• Tobias Schwarz
  • Extract titles and meta descriptions using a shell script

Extract titles and meta descriptions using a shell script

Wed, Aug 28, 2019

Motivation

I had to extract all Titles and Meta-Descriptions from a small website so they could be optimized. The HTML wasn’t consistent so I decided to write a small script that gets the job done using wget, curl, xmllint and xpath expressions.

The shell script

#!/bin/bash
if [ $1 ]; then
  rm -rf urls.txt metadata.tsv
  wget -m $1 2>&1 | grep '^--' | awk '{ print $3 }' > urls.txt
  rm -f metadata.tsv
  echo -e "URL\tTitle\tMeta-Description\t" > metadata.tsv
  while read -r url; do
    curl -s "$url" > tmp_file
    title=$(cat tmp_file | xmllint --html --xpath '/html/head/title/text()' - 2>/dev/null)
    metadesciption=$(cat tmp_file | xmllint --html --xpath 'string(/html/head/meta[@name="description"]/@content)' - 2>/dev/null)
    echo -e "$url\t$title\t$metadesciption" >> metadata.tsv
  done < "urls.txt"
else
  echo "Usage: ./extract.sh <URL>"
fi
rm -rf urls.txt tmp_file

Usage

To use the script make sure wget, curl and xmllint are installed.
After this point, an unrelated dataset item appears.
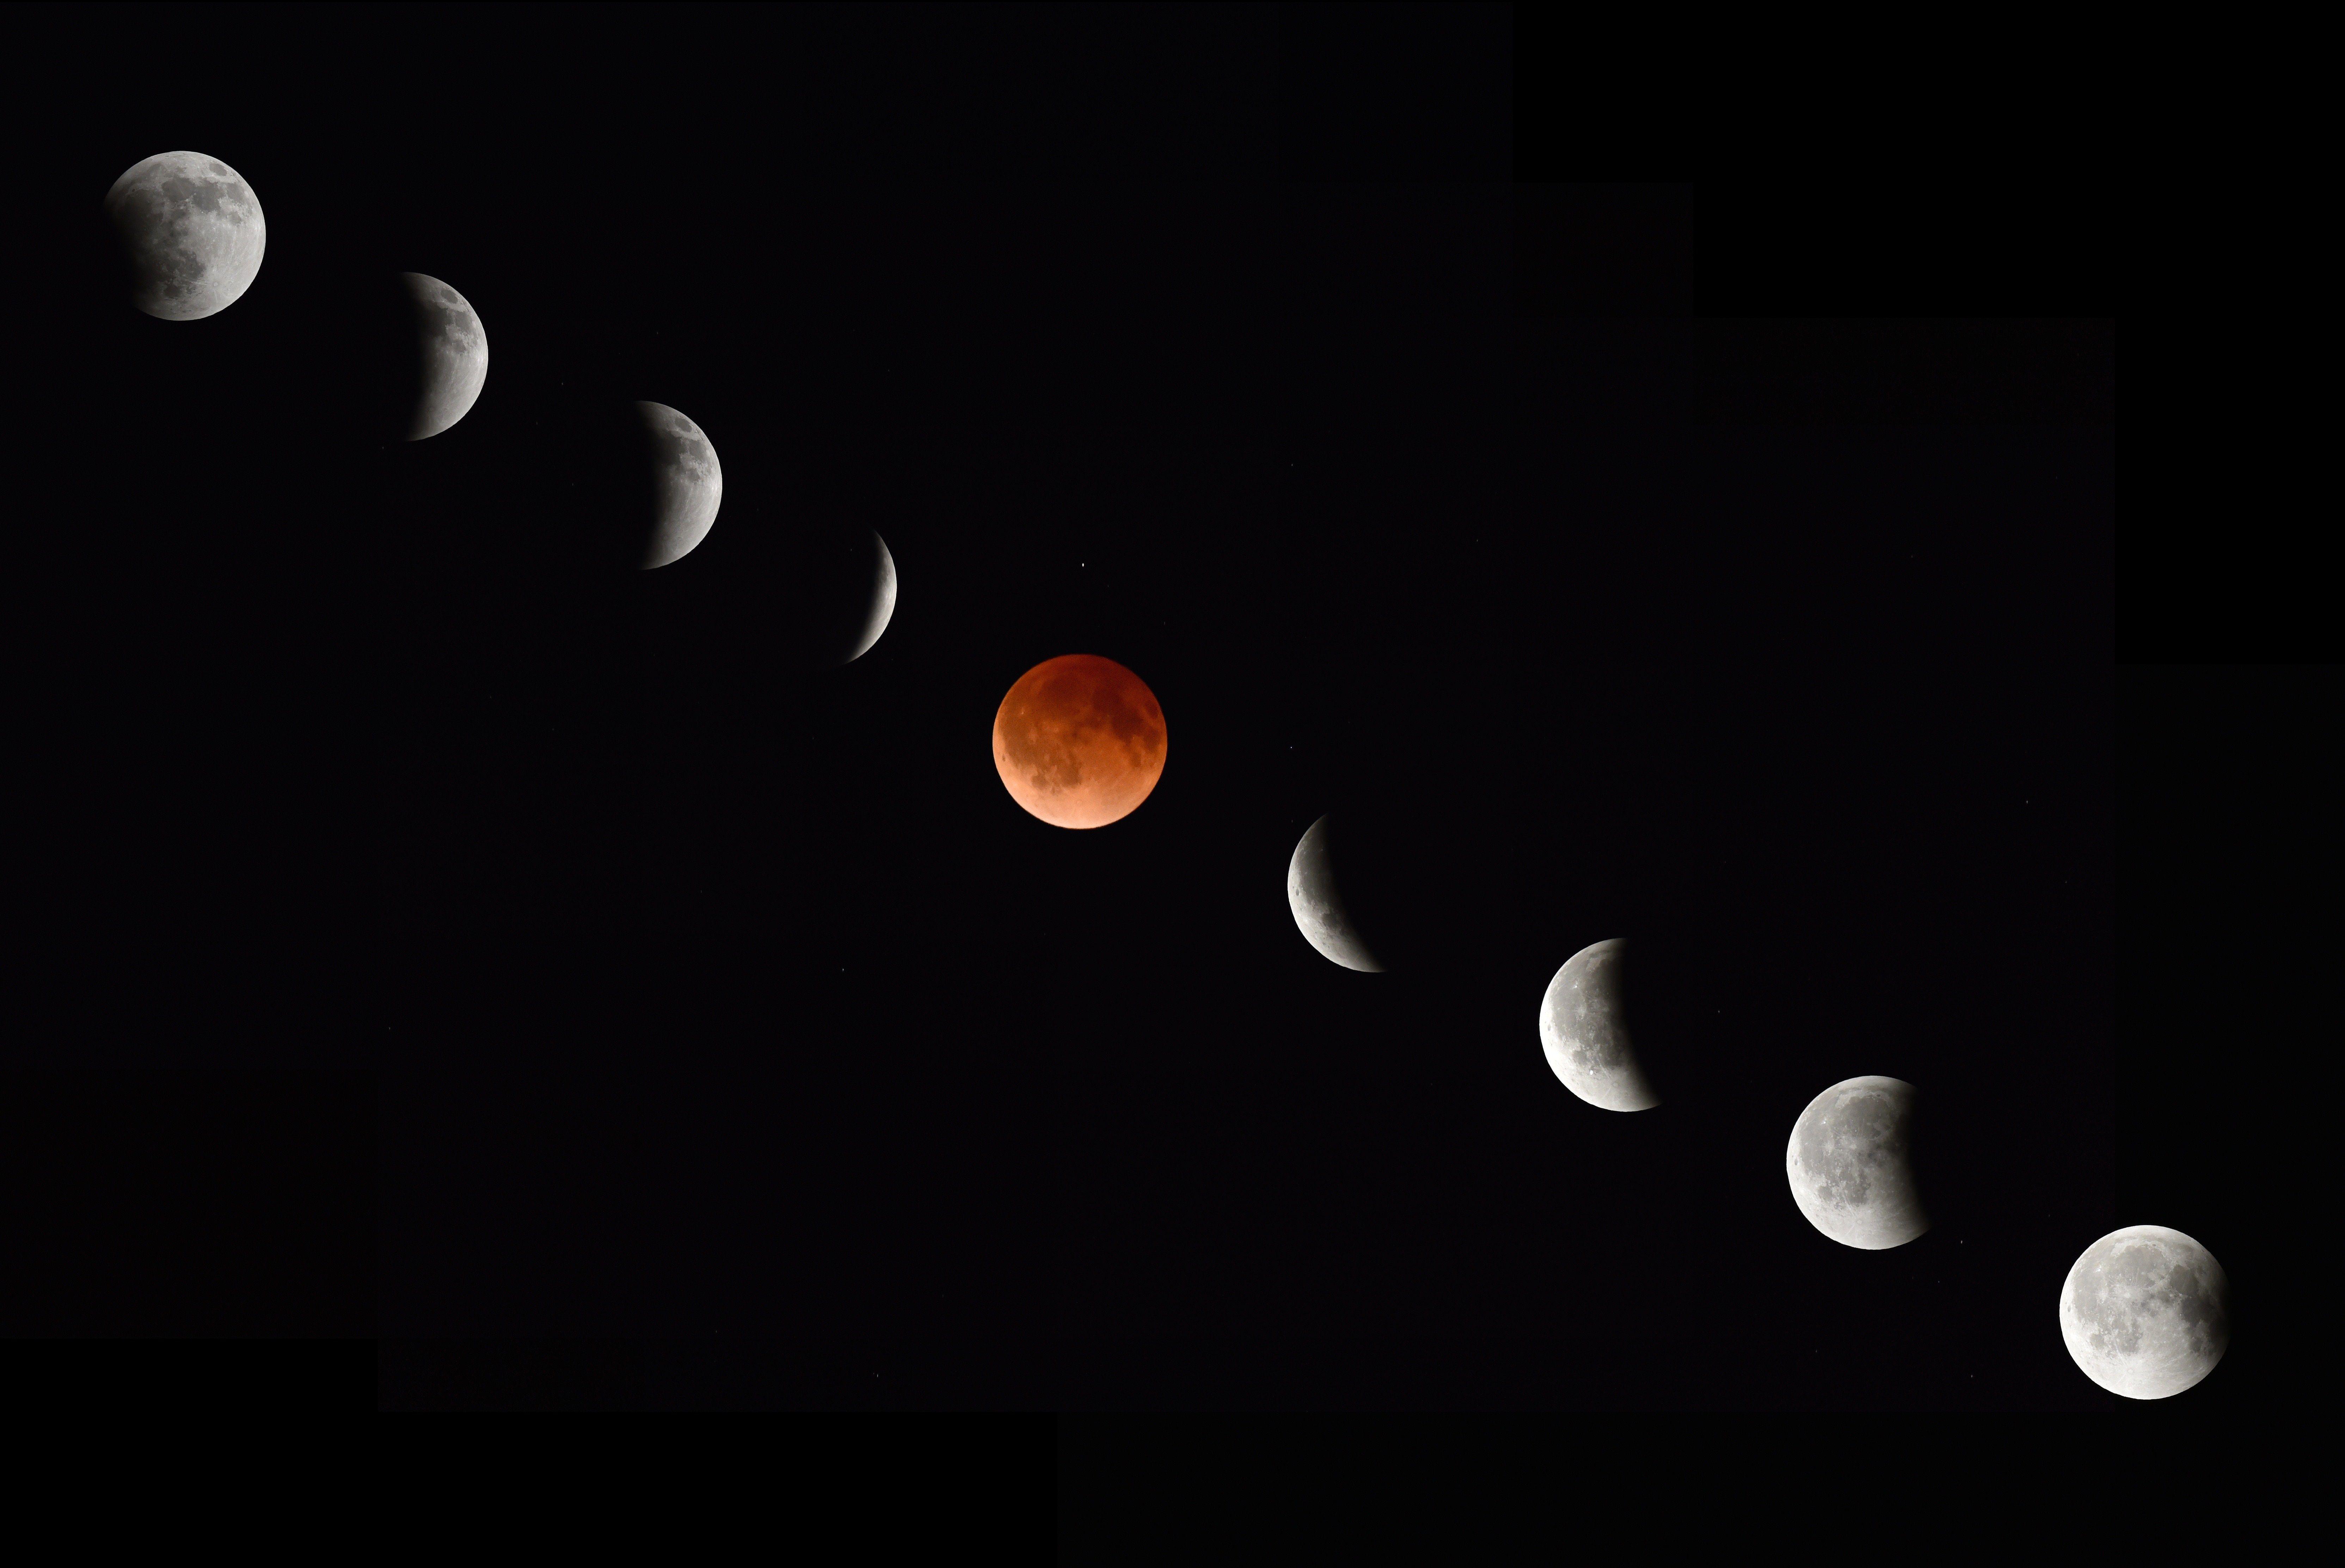 How to see Saturday's lunar eclipse and blood moon

Make sure the script is executable and run ./extract.sh https://example.com/.

Notes

The script mirrors the website using wget to generate a list of all URLs. In a second step it fetches all URLs again with curl and extracts the titles and meta descriptions. This is not ideal but I was to lazy to create a solution that only does one request for each URL. Feel free to send me such an solution and I will update this post.